══ DATASET ENTRIES ══

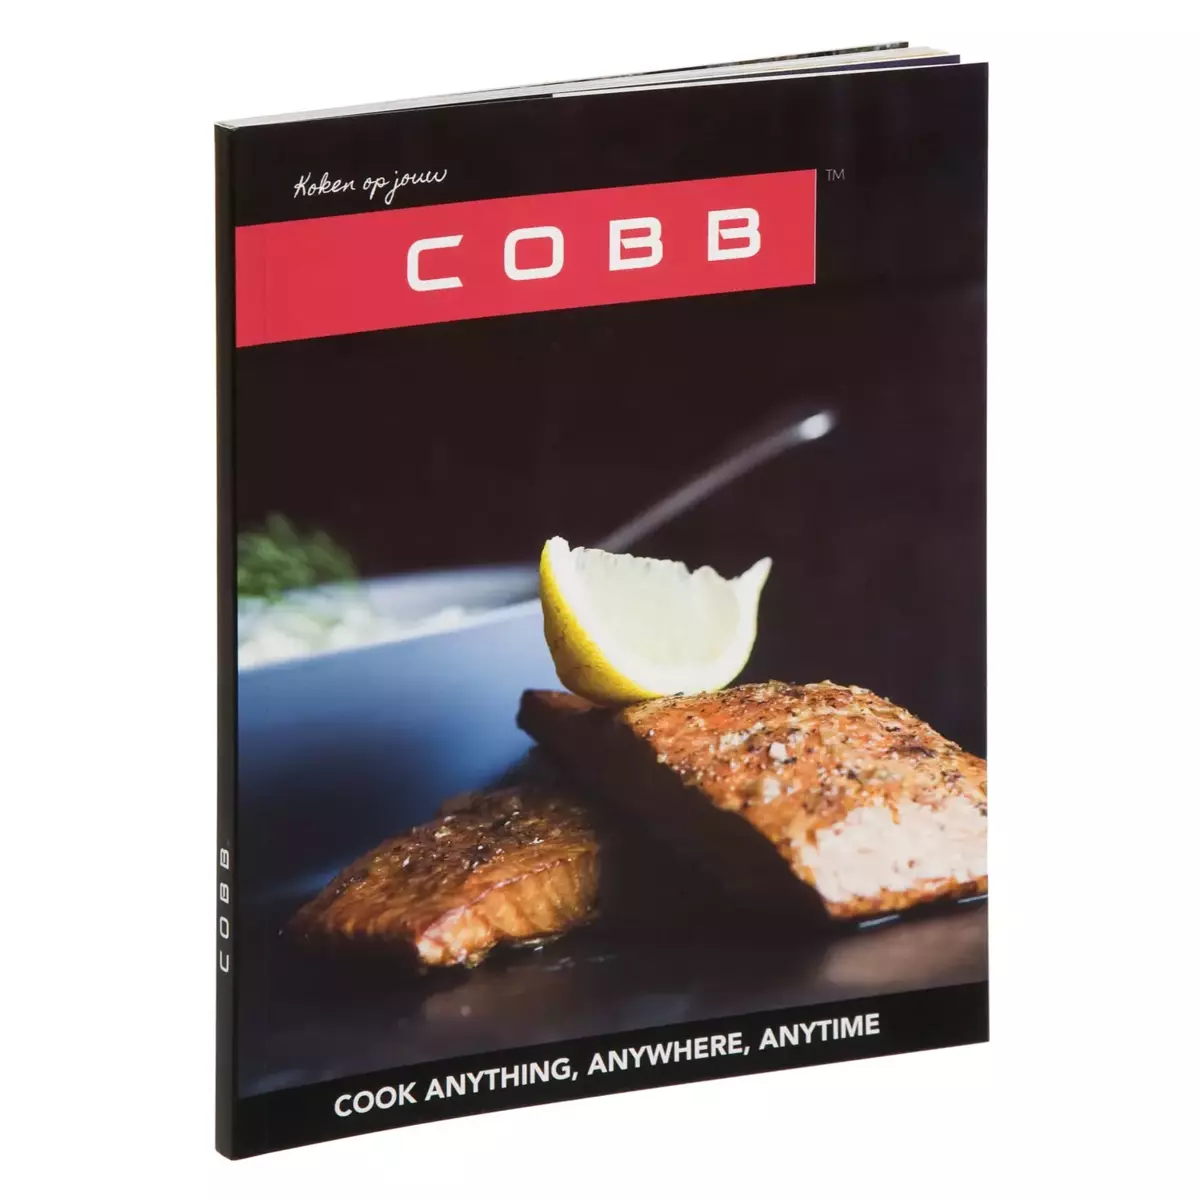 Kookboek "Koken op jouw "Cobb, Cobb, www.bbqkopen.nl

═══
══ DATASET ENTRIES ══

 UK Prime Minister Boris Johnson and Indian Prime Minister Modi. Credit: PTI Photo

═══
══ DATASET ENTRIES ══

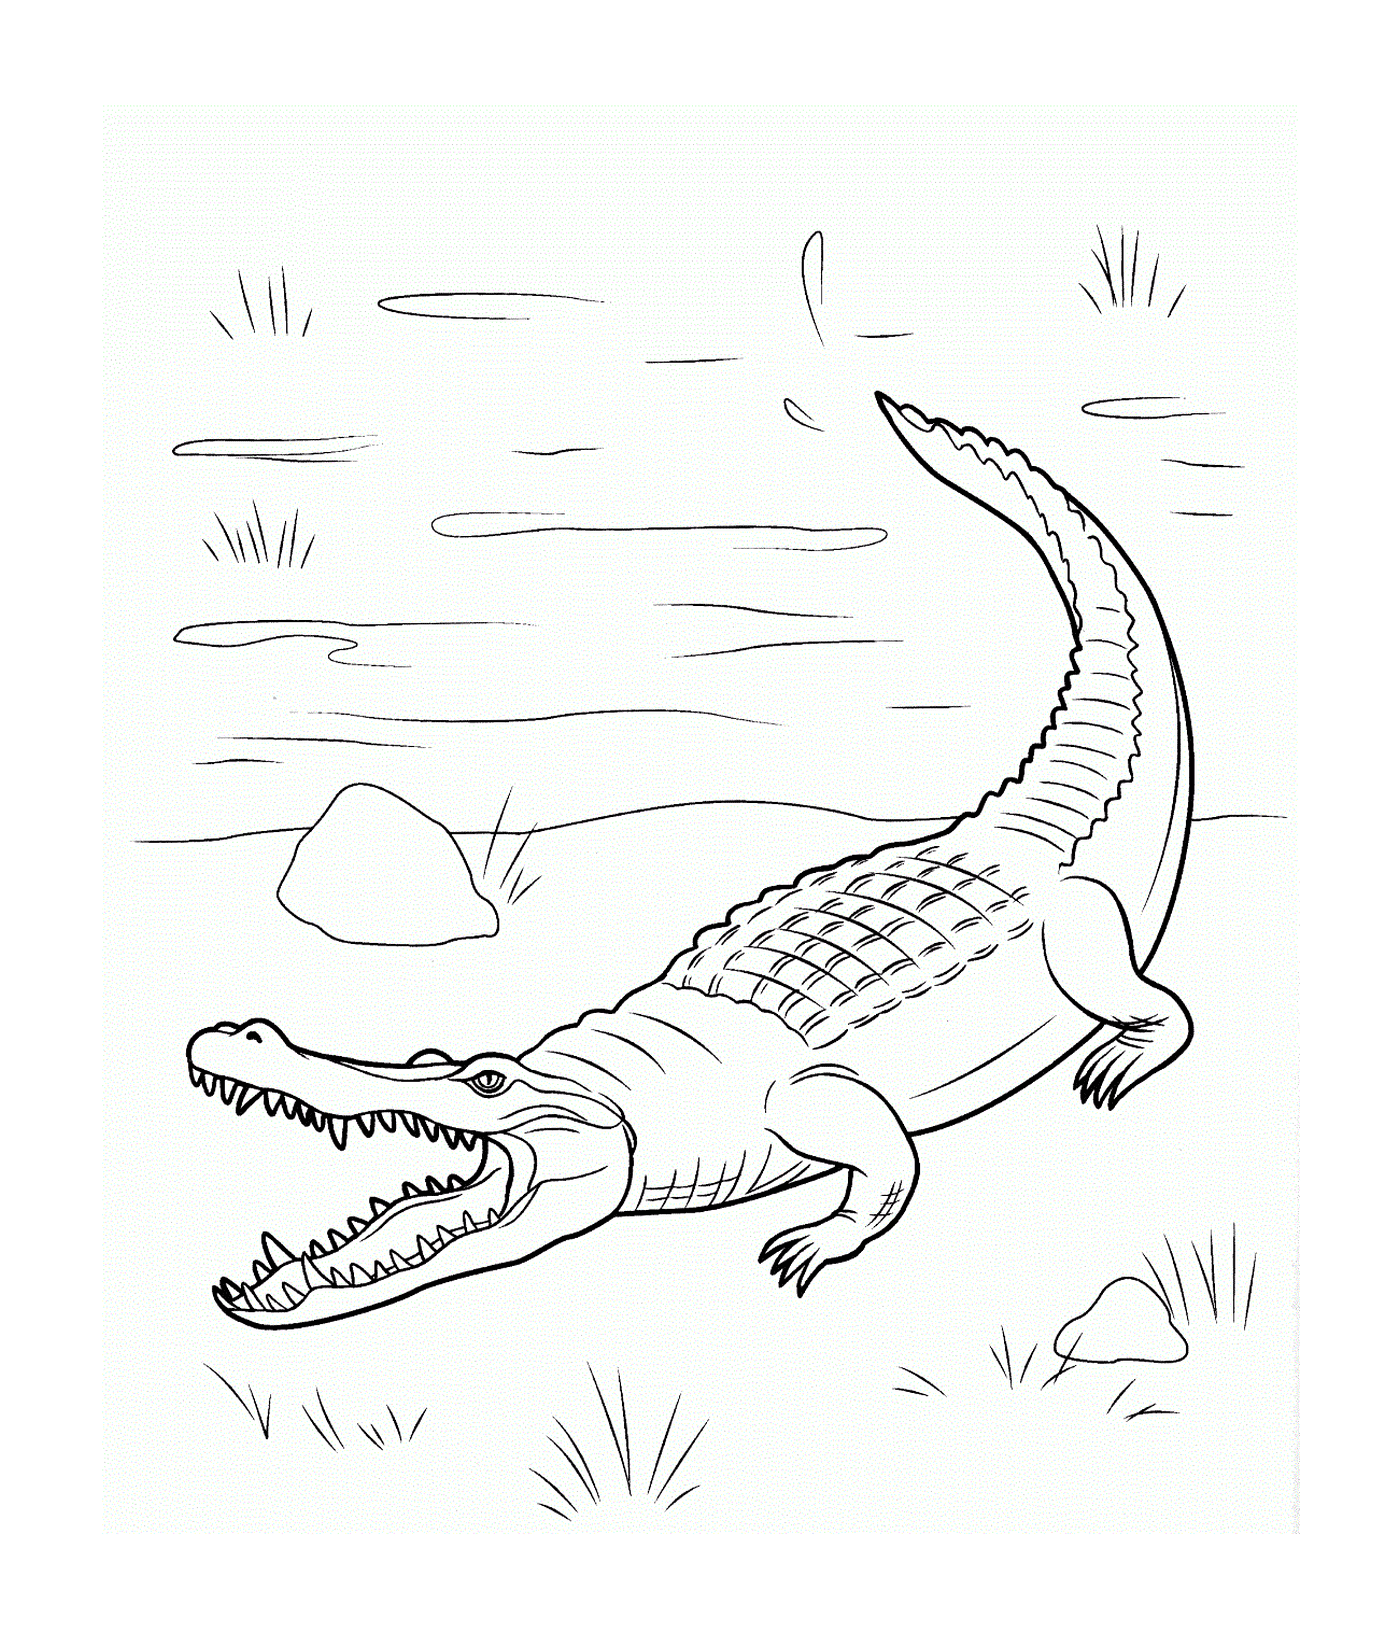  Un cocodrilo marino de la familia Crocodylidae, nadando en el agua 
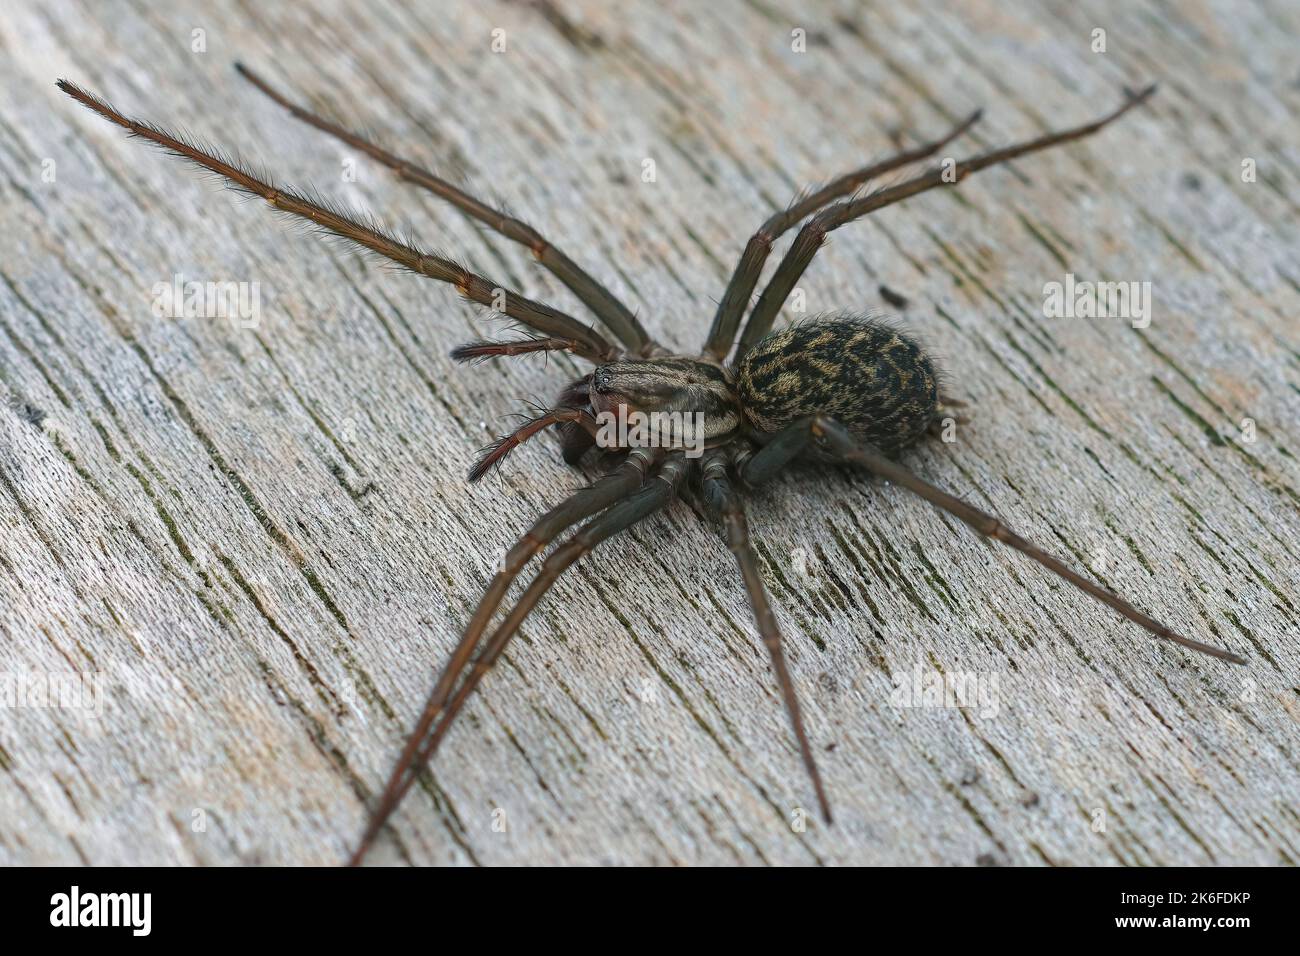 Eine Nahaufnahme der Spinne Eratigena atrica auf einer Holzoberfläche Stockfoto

═══

ACTIVITY: What you return must match, character for character, the lines above from the one with "Un cocodrilo marino" through the one with "Eine Nahaufnahme der", minus any pictures.

ANSWER BOX:
  Un cocodrilo marino de la familia Crocodylidae, nadando en el agua 
 Eine Nahaufnahme der Spinne Eratigena atrica auf einer Holzoberfläche Stockfoto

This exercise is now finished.